С точки зрения историографической практики для нас существенный интерес представляет позиция наивного реализма, поскольку лишь она последовательно воплотилась в исторических исследованиях. И. И. Лапшин утверждает:

Согласно этой точке зрения, мы непосредственно воспринимаем чужие психические состояния <…>. В столь непосредственной и наивной форме проблема чужого «Я» не ставится, пожалуй, никем в философии XIX века, но, в сущности, к ней примыкают, сами того не зная, многие сторонники чисто объективного метода в психологии[73].

Главную проблему «чужого Я» И. И. Лапшин, как и А. И. Введенский, видит в угрозе солипсизма. Впоследствии И. И. Лапшин возвращается к этой проблеме и специально разрабатывает гносеологические аспекты признания чужой душевной жизни в статье «Опровержение солипсизма» (1924), где отталкивается от типологии философских направлений, выявленной им в работе 1910 г.

Исследовав проблему «чужого Я» в современной ему философии, И. И. Лапшин приступает к рассмотрению ее с психологической точки зрения и обращается к исследованию не столько метода, сколько механизма перевоплощения, но при этом последовательно реализуя и развивая философский подход к проблеме. Естественно, что объектом исследования он выбирает художественное творчество[74].

И. И. Лапшин пишет о том, что «…познания своей и чужой душевной жизни до того взаимно проникают друг в друга, что едва ли возможно углубленное постижение Я без ТЫ, как ТЫ без Я». Он исследует механизм взаимодействия Я и ТЫ в процессе художественного перевоплощения:

Познание чужого Я и своего собственного идут рука об руку. Поэтому наклонность к перевоплощению (речь идет <…> о перевоплощении не фантастическом), есть равнодействующая двух сил: 1) меткой наблюдательности к чужой душевной жизни и 2) объективно верного понимания художником своего «Я»[75].

И. И. Лапшин обобщает свои наблюдения над механизмом воспроизведения «чужой одушевленности» следующим образом:

Когда я вижу чужое лицо с известной экспрессией, я воспринимаю <…> N чувственных качеств <…>, но я воспринимаю эти N ощущений не как алгебраическую сумму безразличных друг ко другу психических элементов – сверх N различных ощущений, я получаю еще N+1‑е чувство, которое соответствует комбинации или группировке этих элементов <…>. Таким образом, моментальная экспрессия человеческого лица охватывается мною сразу, как целое, вызывающее во мне, кроме N ощущений, N+1‑е чувство целостного впечатления, которое в силу прежних опытов непроизвольно ассоциируется у меня с настроениями и переживаниями, подобными душевным состояниям наблюдаемого мною лица[76].

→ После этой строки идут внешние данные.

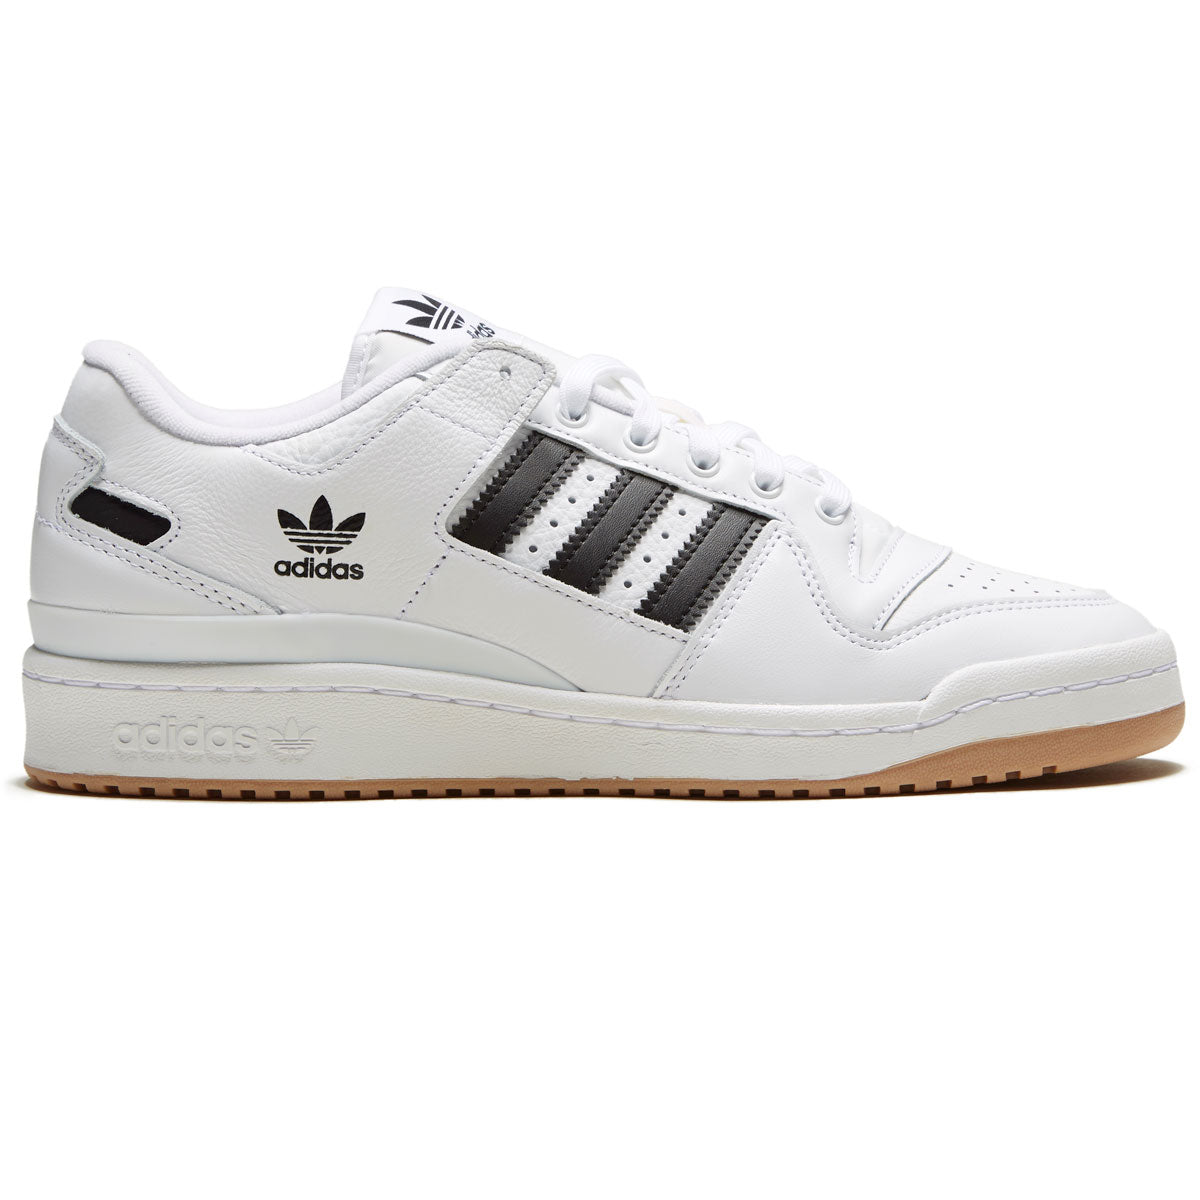 Adidas Forum 84 Low ADV Shoes - White/Core Black/White image 1
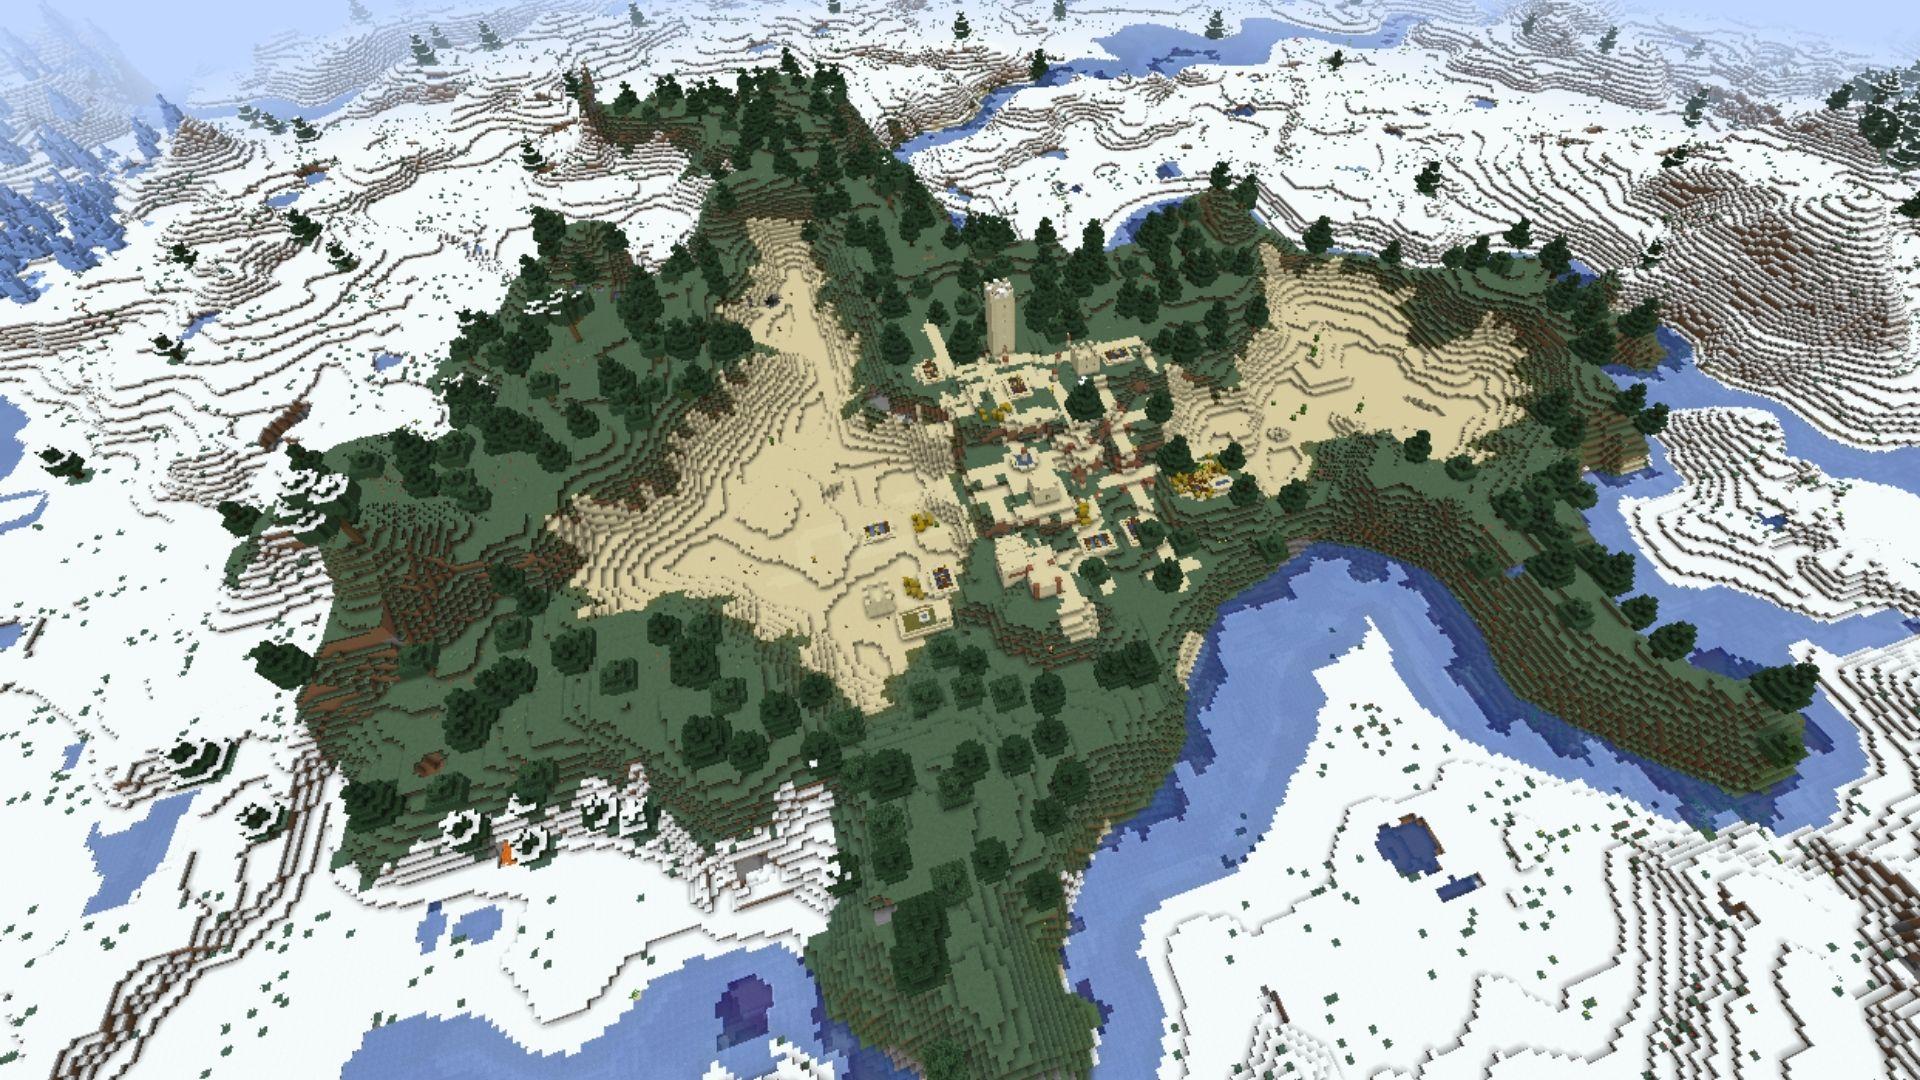 A hidden desert village in Minecraft surrounded by water.

Здесь же И. И. Лапшин подчеркивает непроизвольность этого восприятия. Он пишет, что при наблюдении, например, плачущего человека сам он может и не заражаться симпатически его печалью. Лапшин, по сути дела, вскрывает природу иллюзорности непосредственного восприятия «чужого Я» в «наивном реализме»:

Целостное впечатление экспрессии <…> так тесно срослось с телесными проявлениями, что мы проецируем этот добавочный психический процесс в тело другого человека <…>. Вот почему нам кажется, что мы прямо видим, интуитивно постигаем чужое Я[77].

Спустя несколько лет И. И. Лапшин возвращается к проблеме психологии творчества в основном фундаментальном труде «Философия изобретения и изобретение в философии» (1922) и многоаспектно рассматривает различные творческие сферы – философию, науку, искусство. Одним из основных понятий в концепции И. И. Лапшина выступает вводимое им понятие «фантасм», который он отличает от фантастических образов в искусстве:

Научные фантасмы таковы, что они в сознании ученого хотя и не соответствуют вполне по своему содержанию действительности, но в гипотетической форме и в самых грубых и приблизительных чертах верно схватывают известные объективные отношения между явлениями <…>[78].

Воспроизведение содержания чужой душевной жизни, таким образом, выступает теперь как частный случай фантасма. И. И. Лапшин подчеркивает, что научный фантасм формируется на основе объективных данных и не должен подменяться субъективной фантазией ученого.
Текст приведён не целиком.